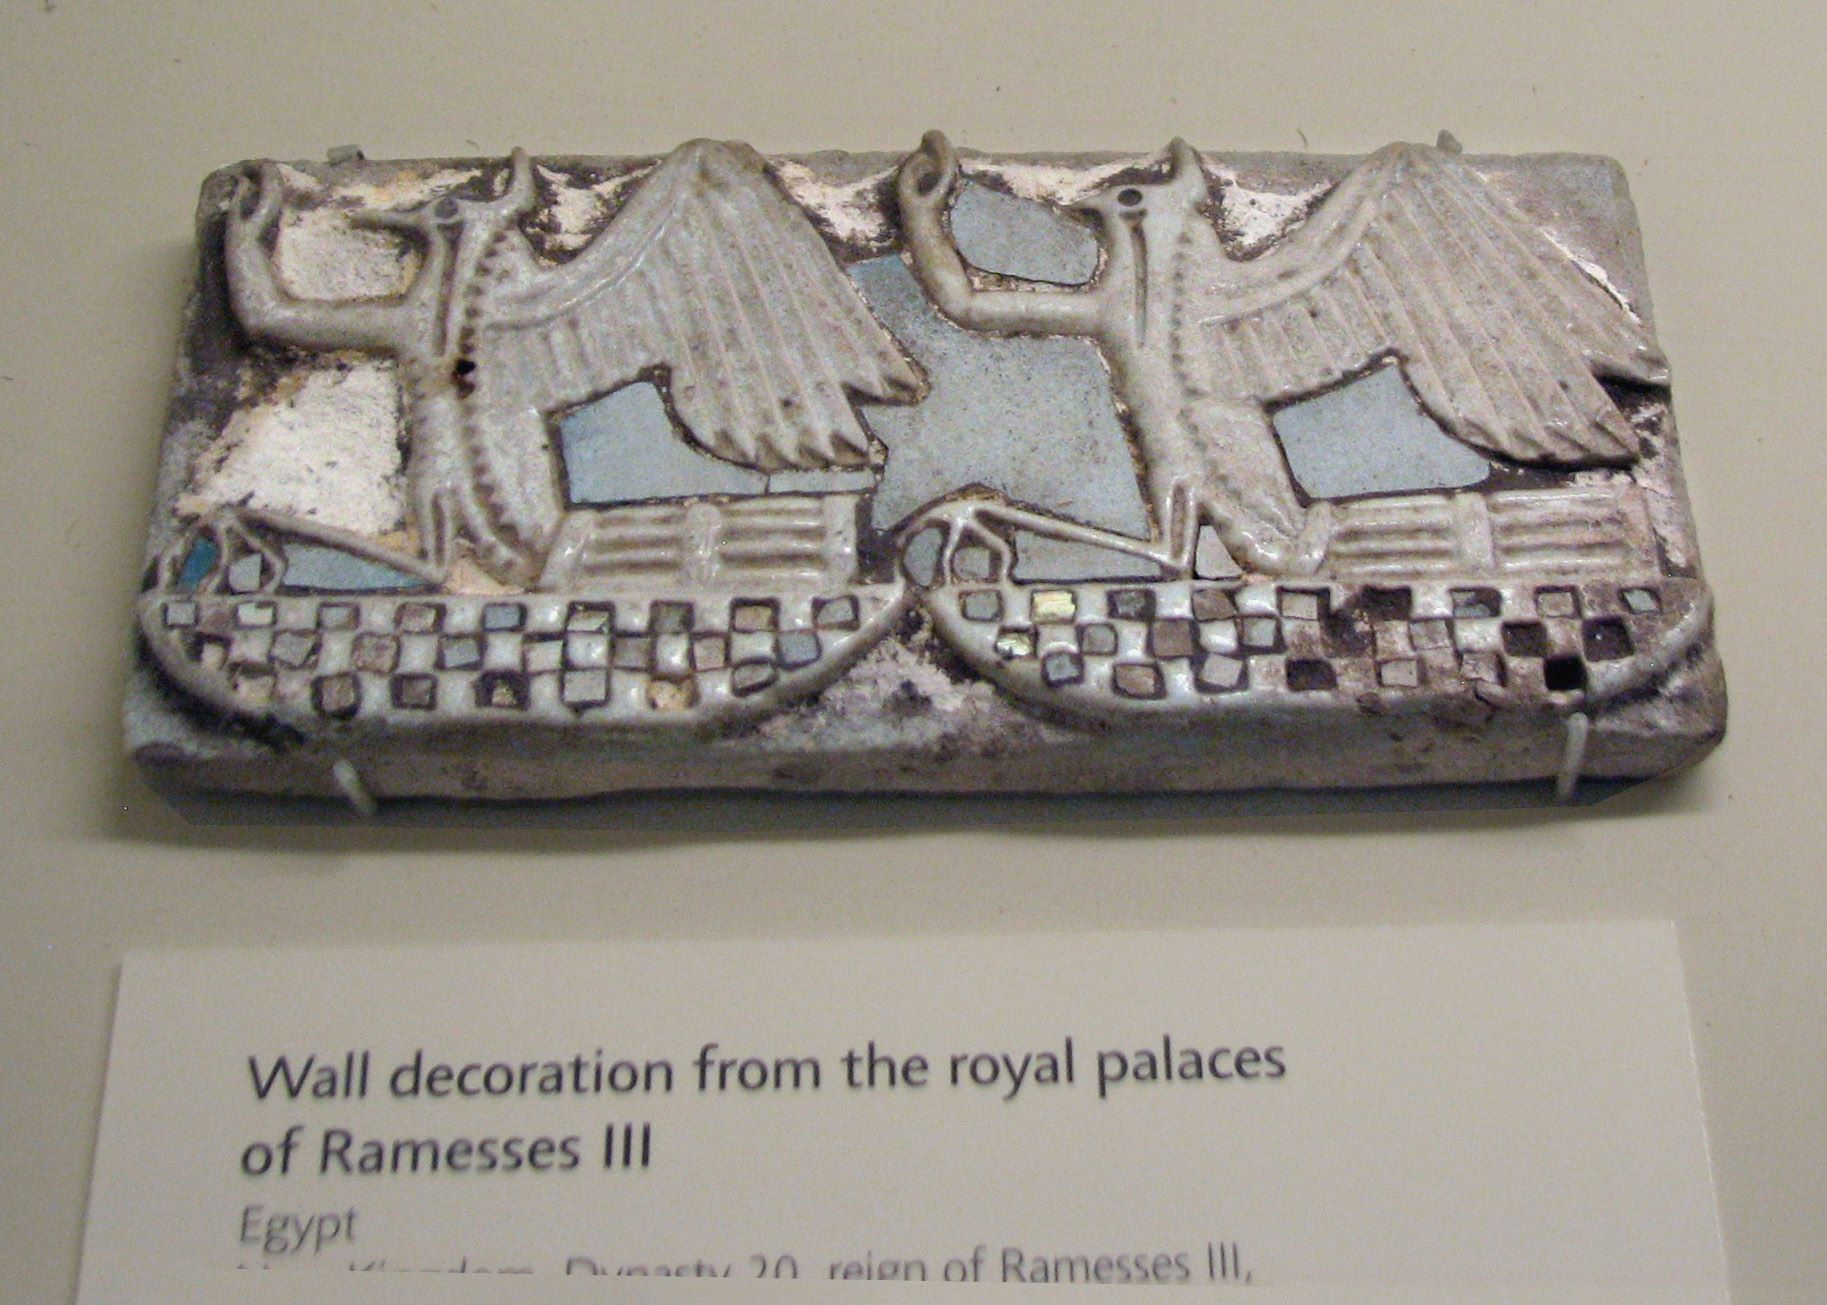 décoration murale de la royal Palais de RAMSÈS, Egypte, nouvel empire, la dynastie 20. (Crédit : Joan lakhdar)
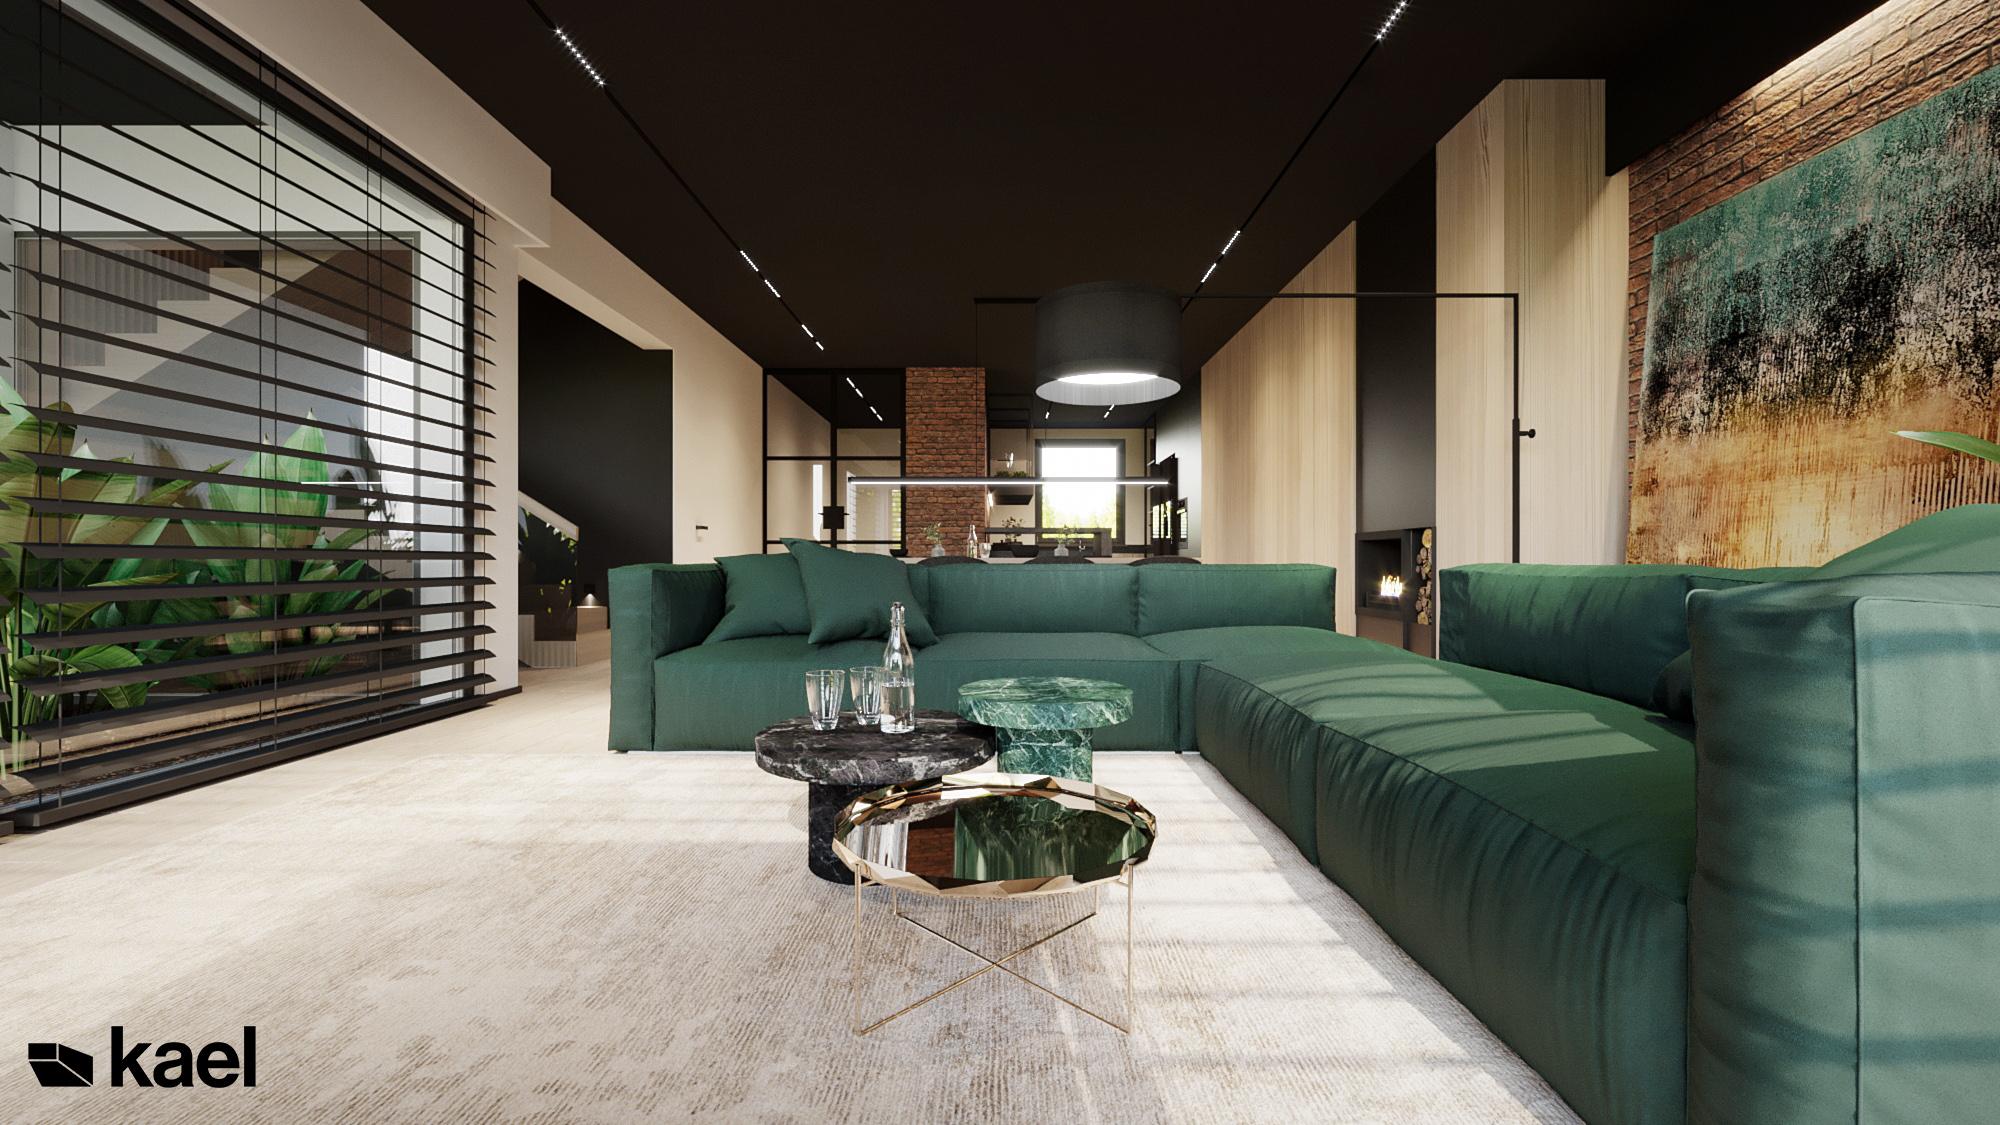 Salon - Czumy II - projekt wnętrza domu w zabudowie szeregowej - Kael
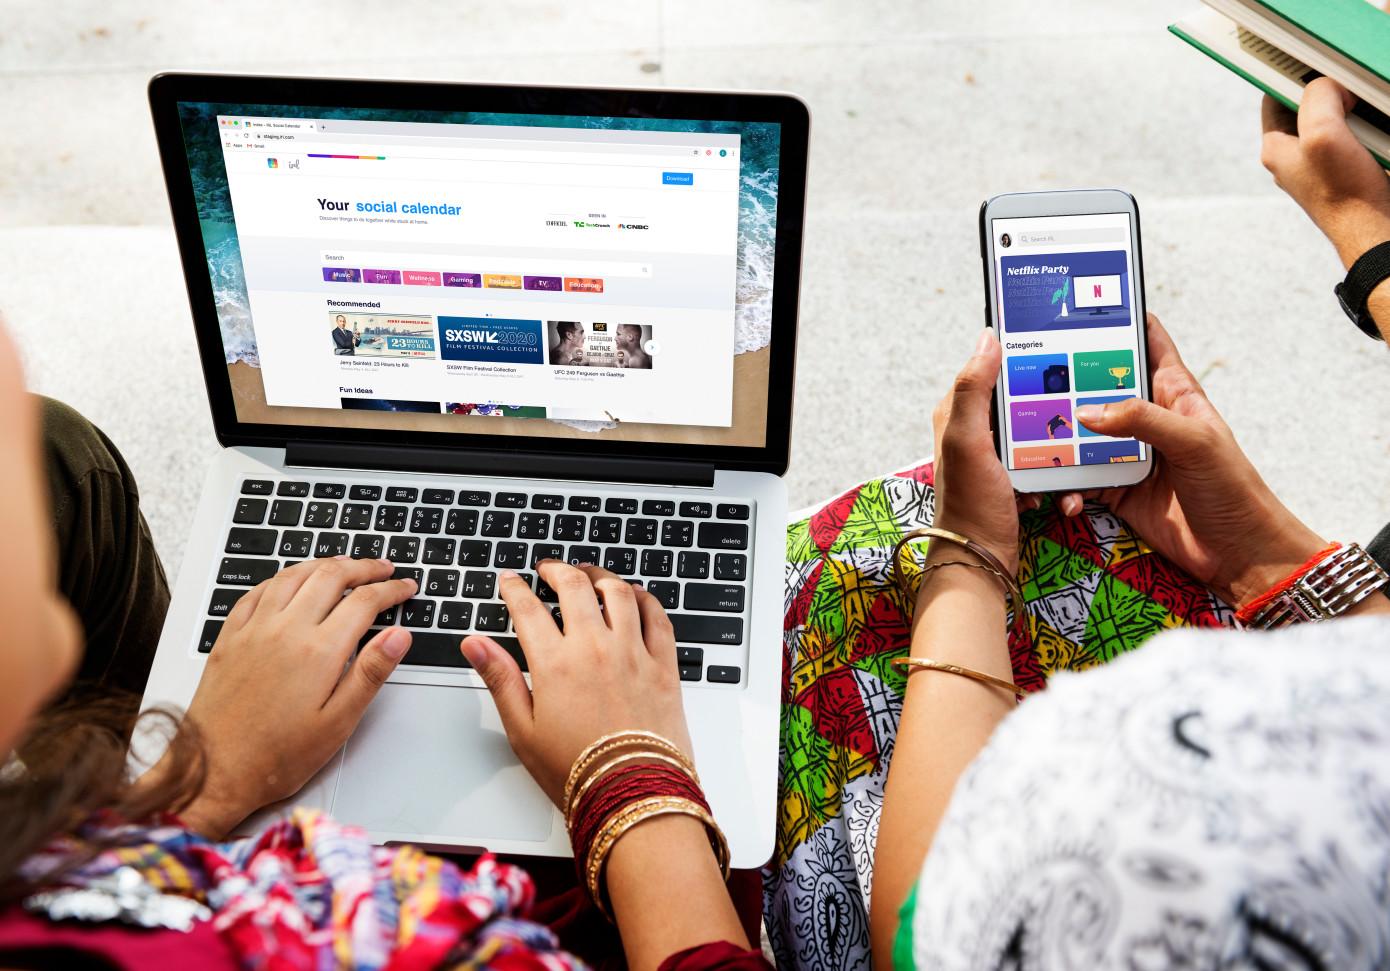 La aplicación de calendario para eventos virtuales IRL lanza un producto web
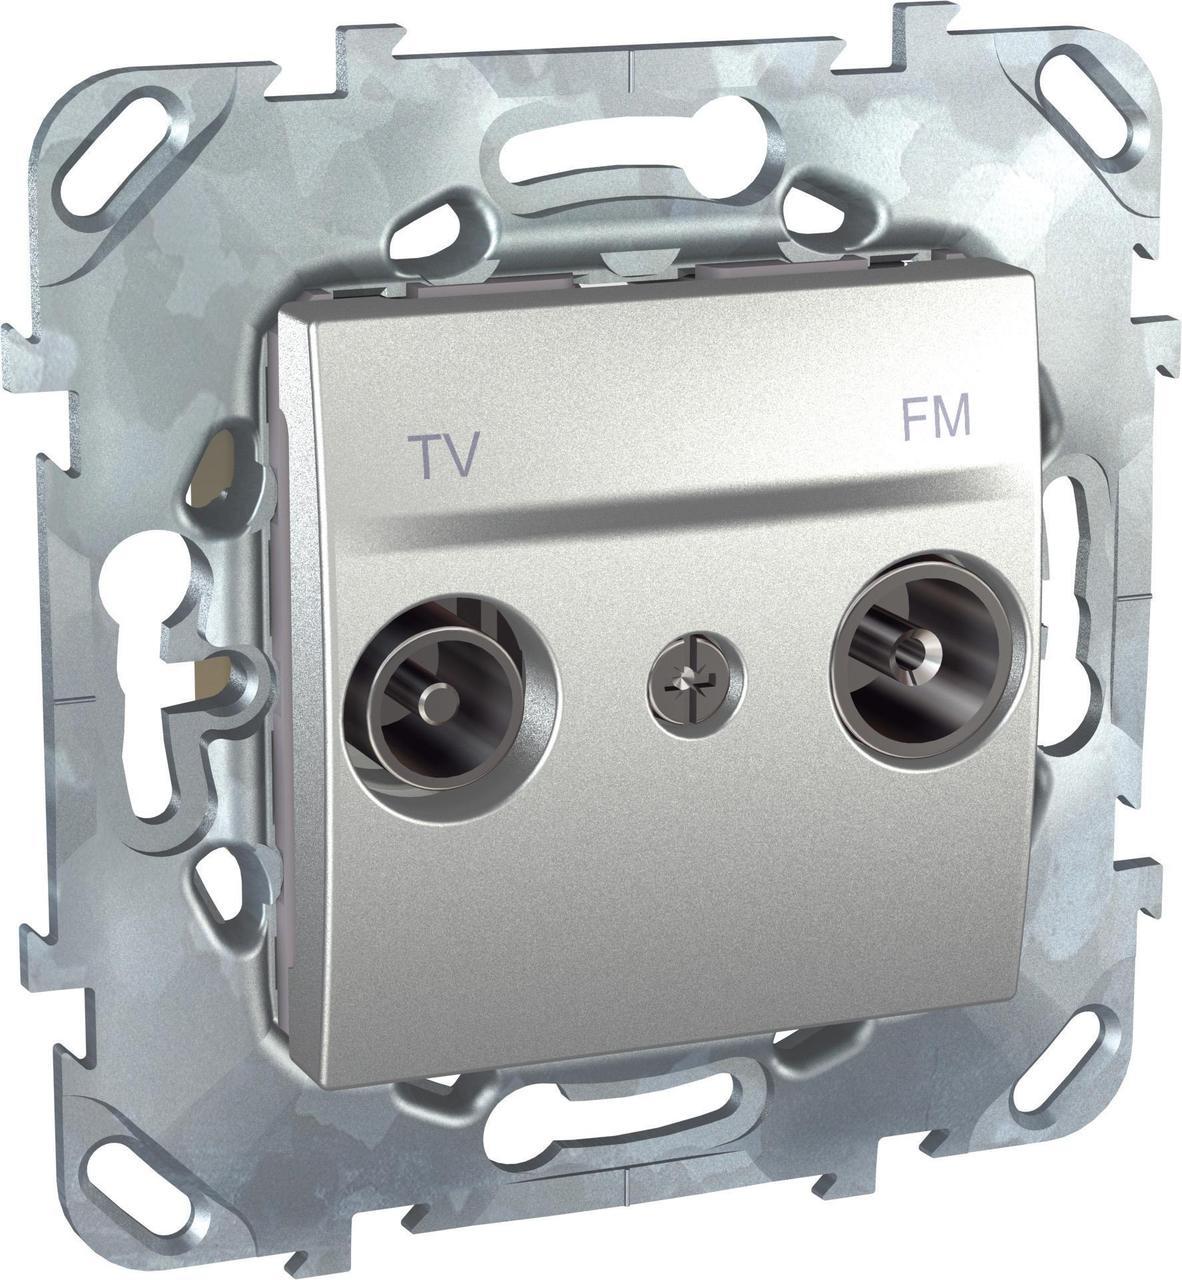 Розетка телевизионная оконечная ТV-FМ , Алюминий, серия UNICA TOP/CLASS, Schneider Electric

[Task objective] In your copy of the listing above, every line must match exactly and no picture may appear.

[Answer]
 décoration murale de la royal Palais de RAMSÈS, Egypte, nouvel empire, la dynastie 20. (Crédit : Joan lakhdar)
 Salon - Czumy II - projekt wnętrza domu w zabudowie szeregowej - Kael
 La aplicación de calendario para eventos virtuales IRL lanza un producto web
 Розетка телевизионная оконечная ТV-FМ , Алюминий, серия UNICA TOP/CLASS, Schneider Electric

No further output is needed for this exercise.